DEV Community

Cover image for GitHub Actions CI/CD without AWS Credential information
Yuta
Yuta

Posted on

GitHub Actions CI/CD without AWS Credential information

Introduction

October 2021, GitHub announced that GitHub Actions supports OpenID Connect (OIDC) for secure deployments to cloud, which uses short-lived tokens that are automatically rotated for each deployment.

https://github.blog/changelog/2021-10-27-github-actions-secure-cloud-deployments-with-openid-connect/

This feature helps me build CI/CD on GitHub Actions by AWS without AWS Credential such as IAM access key ID or secret access key.
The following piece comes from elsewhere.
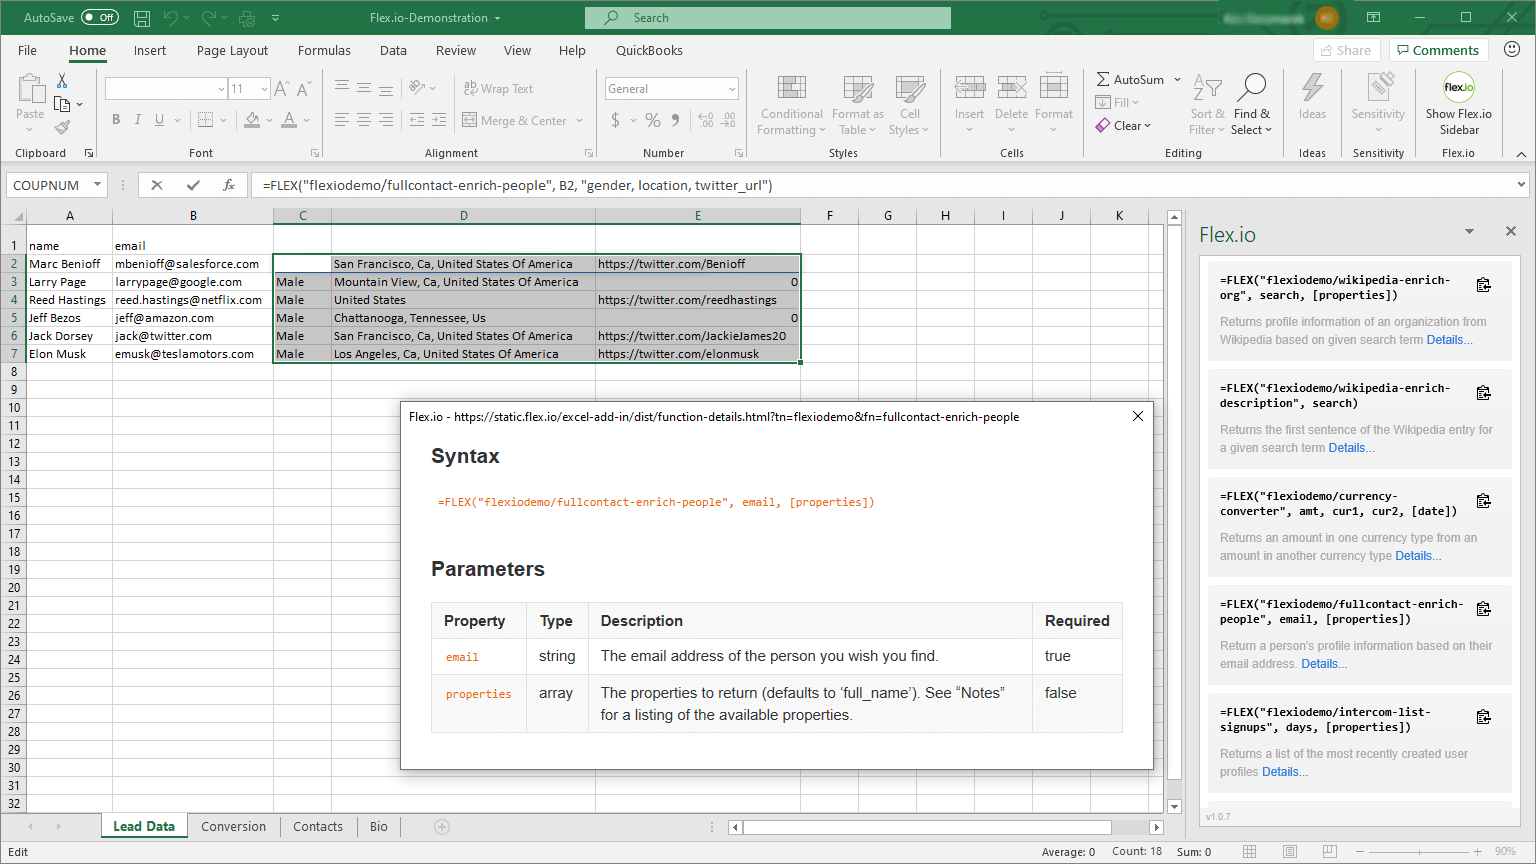 Using the Flex.io Excel Add-in

I'll try to implement CI/CD for building EC2 instances by incorporating this feature into CI/CD using a combination of Terraform and GitHub Actions, and passing the IAM role to GitHub Actions.

GitHub Actions CI/CD with terraform

Previously, it is necessary to register IAM access key ID and secret access key in the environment variables in advance when deploying AWS services with terraform and building CI/CD with GitHub Actions or Circle CI.
GitHub Actions Setting

    - name: Configure AWS Credentials
      uses: aws-actions/configure-aws-credentials@v1
      with:
        aws-access-key-id: ${{ secrets.AWS_ACCESS_KEY_ID }} #access key ID
        aws-secret-access-key: ${{ secrets.AWS_SECRET_ACCESS_KEY }} #secret access key
Enter fullscreen mode Exit fullscreen mode

There are some problems.

  • Create IAM user to publish Access keys
  • Re-register Access keys in case of AWS multi account operation

To solve them, I add OpenID Connect provider.
I build CloudFormation stack template to refer to this article and deploy IAM role & OIDC provider.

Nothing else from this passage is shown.